Researchers at the University of Washington say they can now silence different parts of a noisy room, or isolate a conversation in a cluttered environment, thanks to a swarm of small audio robots that can autonomously locate, pinpoint, and track multiple moving sound sources.
We humans can locate sound sources with our eyes closed, thanks to the slightly distributed dual-microphone array and audio shielding provided by our ears. But when the audio environment becomes complex, things can get very confusing - something that goes against our idiosyncratic tendency to seek out noisy, crowded and high-energy spaces (like a Sunday morning coffee shop) and then try to hold a conversation in them.
In these more cluttered audio spaces, the only way to isolate individual sound sources and mute others is to deploy larger microphone arrays and then process all the audio streams together to create a map of the space that triangulates the location of each sound and measures the tiny time differences in the time it takes for the sound to travel through the air and reach each microphone. You can then use elusive deep learning algorithms to reprocess all audio streams, creating independent audio streams for each sound source and removing all noise from other sound sources.
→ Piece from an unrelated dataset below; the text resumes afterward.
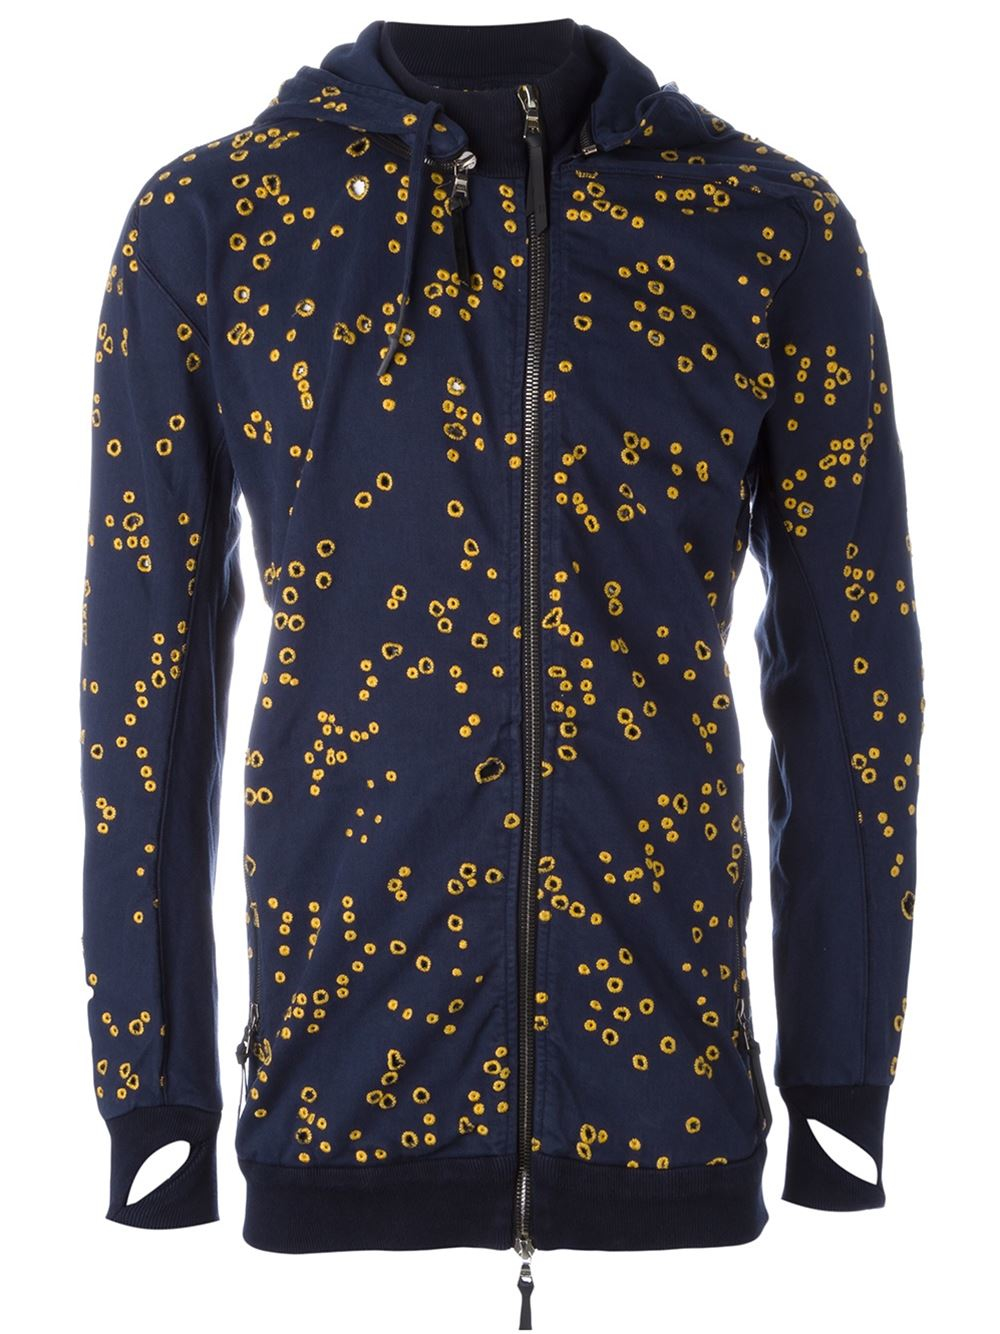 Lyst Boris Bidjan Saberi 11 Perforated Hooded Jacket In

The idea itself is not new, but researchers at the University of Washington have now put a new spin on the concept, using a swarm of seven small wheeled microphone robots, each about the size of a chocolate truffle, that deploy autonomously from a charging station and create a self-optimizing array within the available space.
The robots use built-in microphones and speakers to navigate the surface of the table via sonar, avoiding obstacles and spreading out as widely as possible to maximize the time difference between microphones. Unfortunately, this does mean they have to be moved one by one, but once in place they perform quite amazingly, as you can see in the video below.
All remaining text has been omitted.